Que signifie ne pas se présenter au cabinet ? Nous comprenons aisément que le médecin absent, surtout dans les situations aiguës, n’ait pas le temps ou la possibilité de trouver un remplaçant, les rendez-vous des patients du lendemain se trouvant annulés. Deux médecins ont ouvertement explicité leur exigence de ne pas laisser leur cabinet sans médecin, cette situation étant inenvisageable selon eux. La responsabilité du praticien envers ses patients, et plus largement son rôle au sein de la société, priment. La conséquence est une adaptation de leurs soins à leur emploi du temps, donc un possible retard dans leurs prises en charge.
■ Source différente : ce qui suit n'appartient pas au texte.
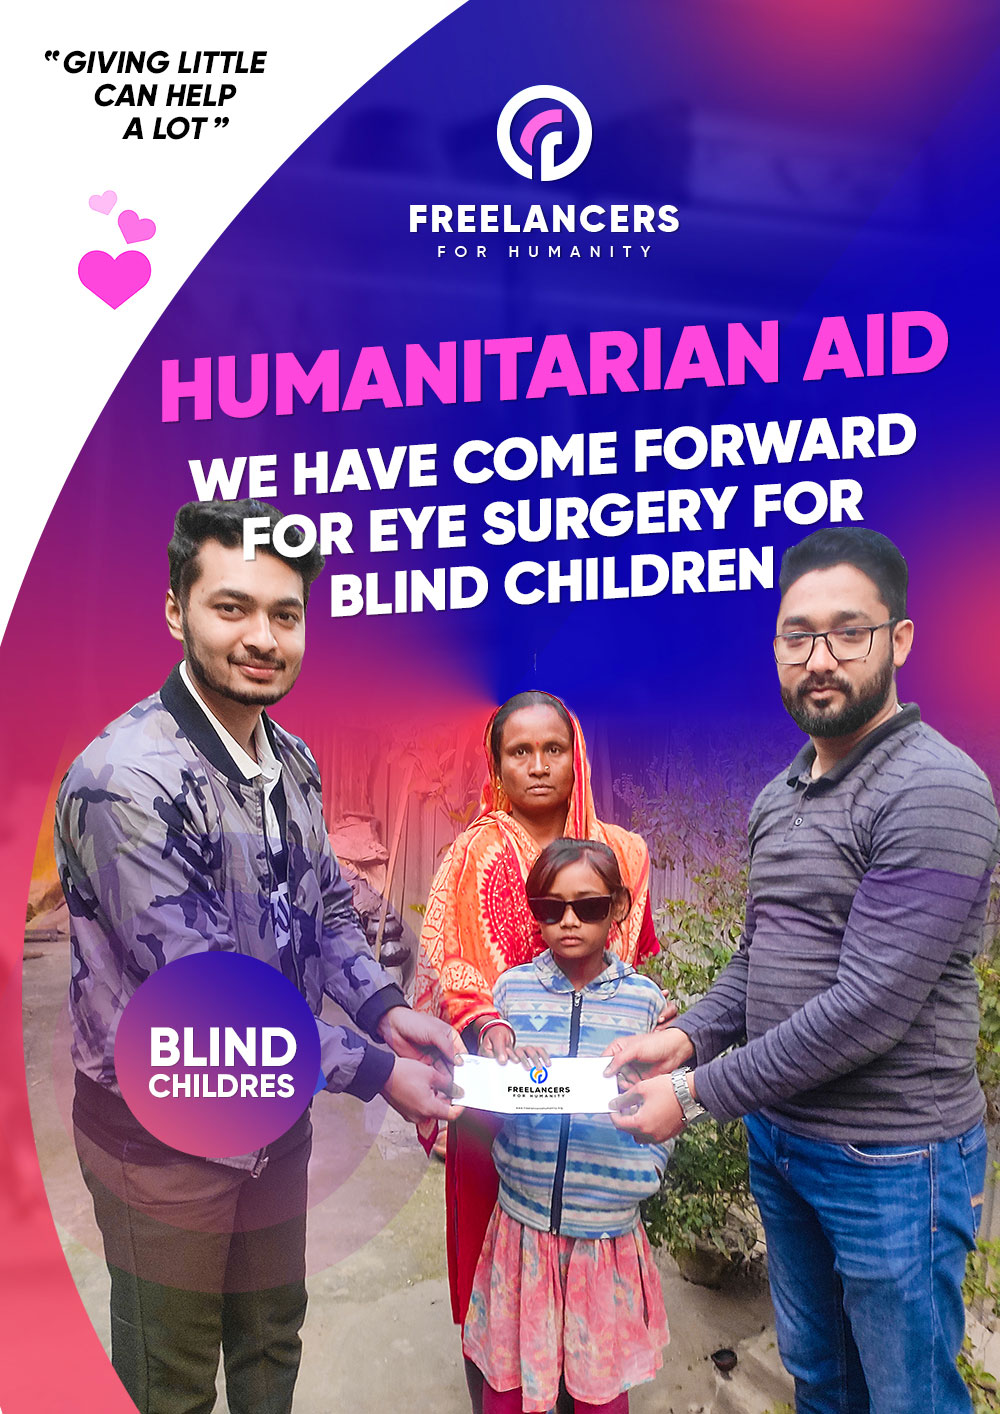 f4u_We have come forward for eye surgery for blind children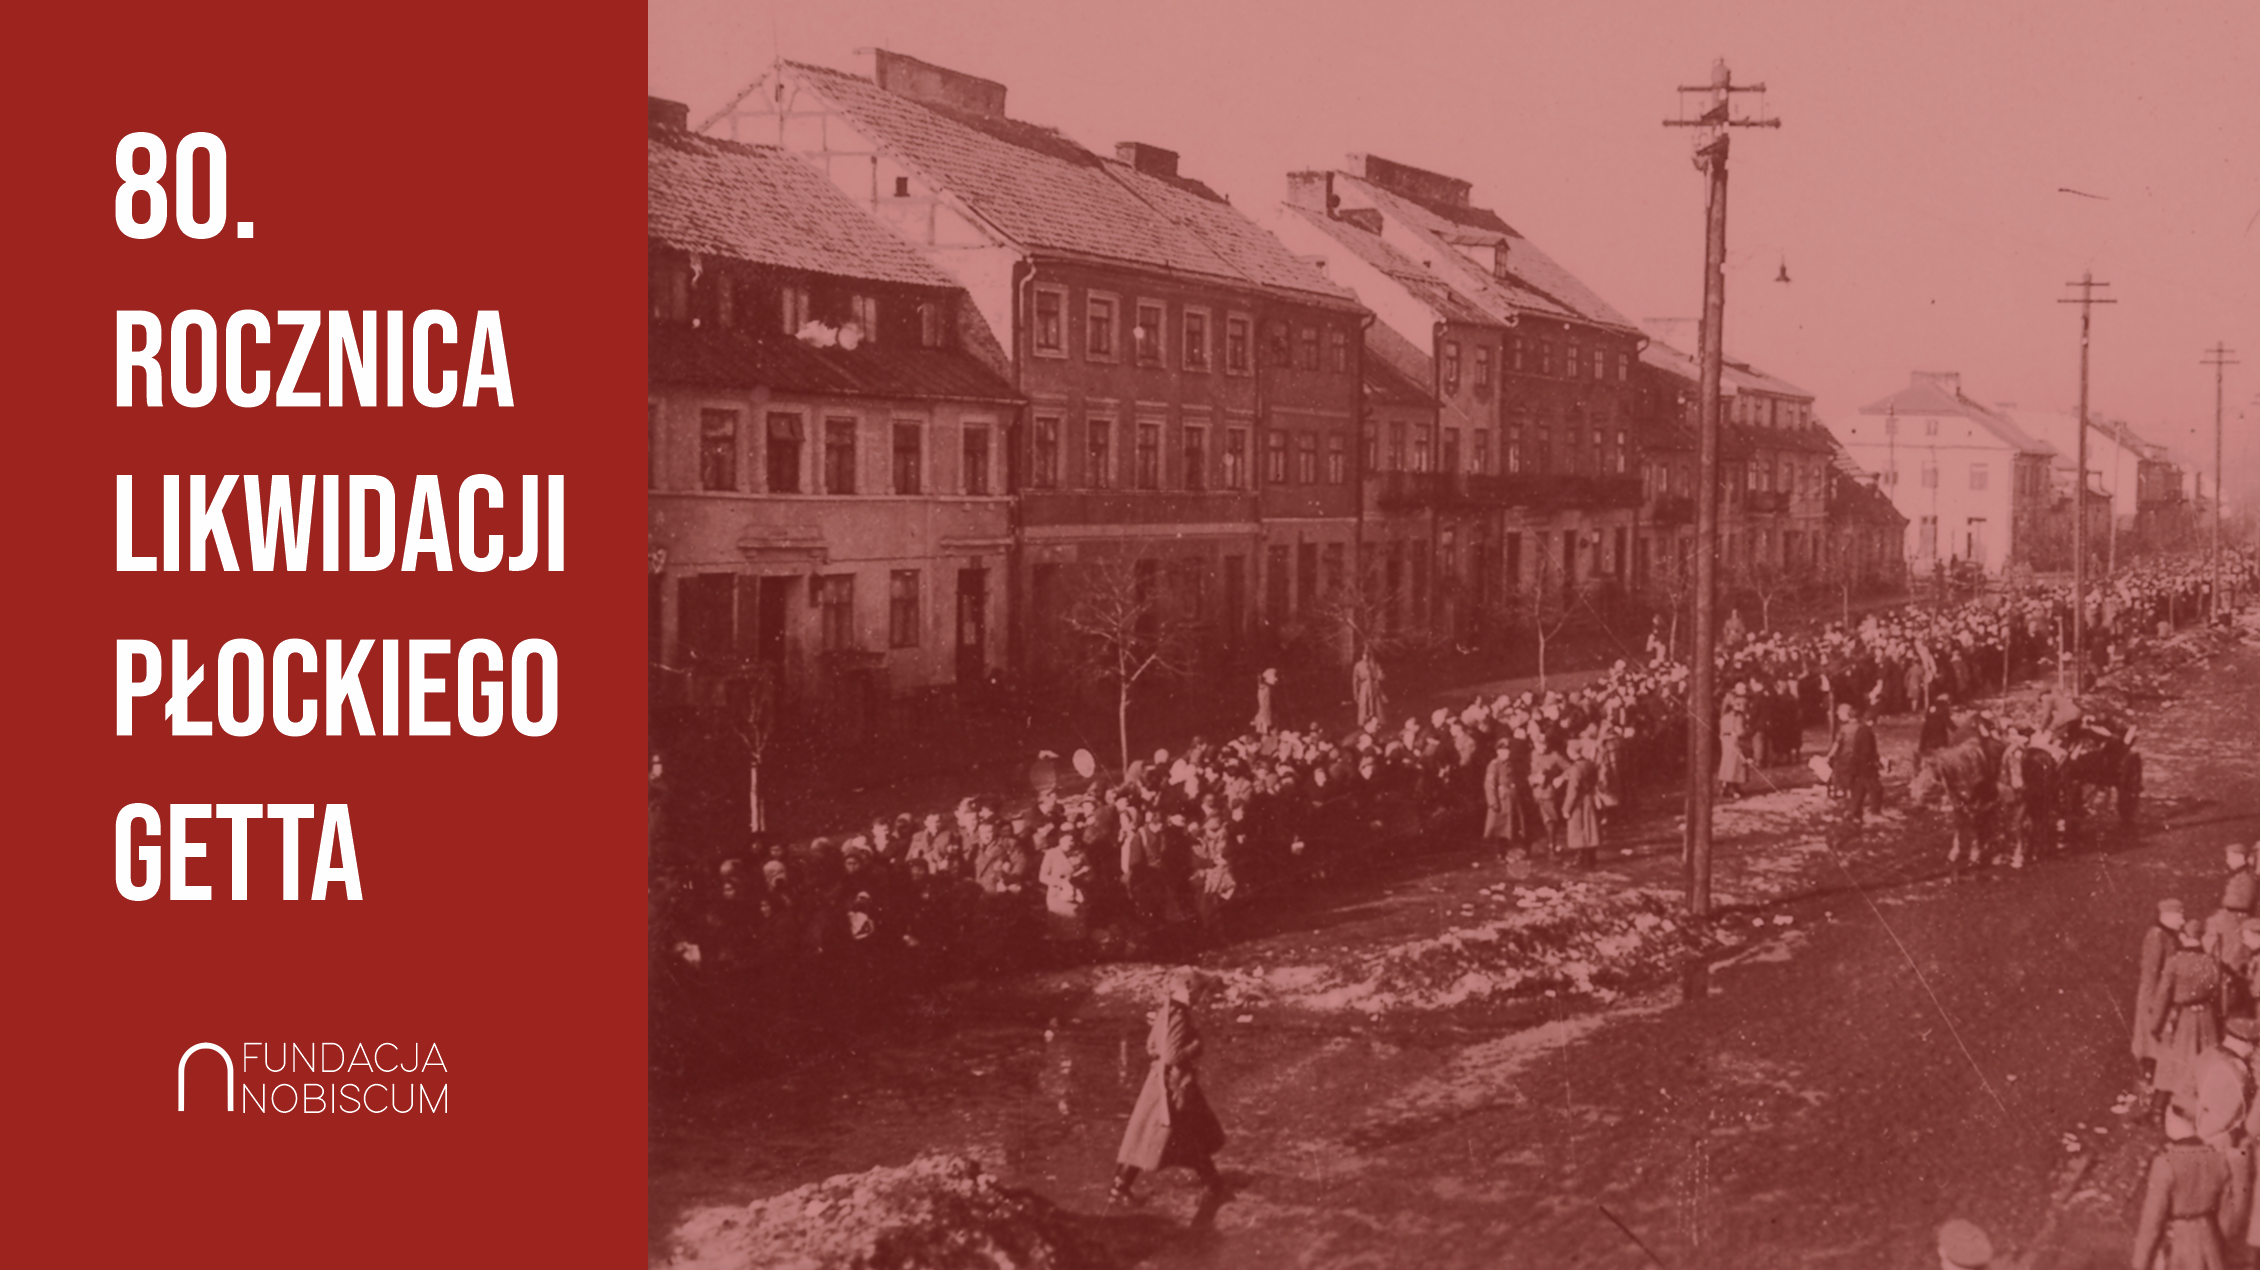 Premiere of the film “Into the abyss of shadows” and the exhibition “The Jews of Płock 1939-1945”

Dans ces conditions, l’auto-prise en charge parait être un gain de temps. Les résultats de notre étude concordent avec ceux de la thèse de Sandra Bonneaudeau (51), l’autoprescription revenant très fréquemment en premier recours. Cette pratique n’a interrogé aucun de nos médecins, une unique auto critique est apparue car il n’avait pas songé à explorer lui-même ses symptômes. La quasi-totalité des praticiens de notre thèse conduisent eux-mêmes leurs pathologies chroniques, tant sur le plan thérapeutique qu’exploratoire. Une étude (52) confirme cette tendance des médecins généralistes à ne pas consulter leur médecin traitant, mais également à pratiquer une auto-prise en charge. Pour autant, lorsqu’ils consultent un spécialiste, 78% d’entre eux considèrent cette démarche inappropriée. Ce point de vue n’est pas apparu durant les entretiens que nous avons menés. Ce réflexe est d’ailleurs mis en cause par un rapport du Conseil de l’Ordre National des Médecins (25). Ce dernier prône une limitation intelligente de cette auto prise en charge, permise et amplifiée par l’absence de médecin traitant effectif. Ce rapport ne demande pas une interdiction, mais souligne les risques inhérents à cette pratique, avec une distance biaisée entre la pathologie et son ressenti. Nous pourrions évoquer le risque de surmédicaliser des symptômes, de perturber les explorations mais également, en l’absence de contrôle extérieur, de développer des addictions. Les auteurs expriment la nécessaire intervention du Conseil de l’Ordre sur les mentalités et les habitudes à changer. Devant les abus, une sanction financière par un éventuel déremboursement de la Sécurité sociale de ce type de prescription pourrait être mise en place.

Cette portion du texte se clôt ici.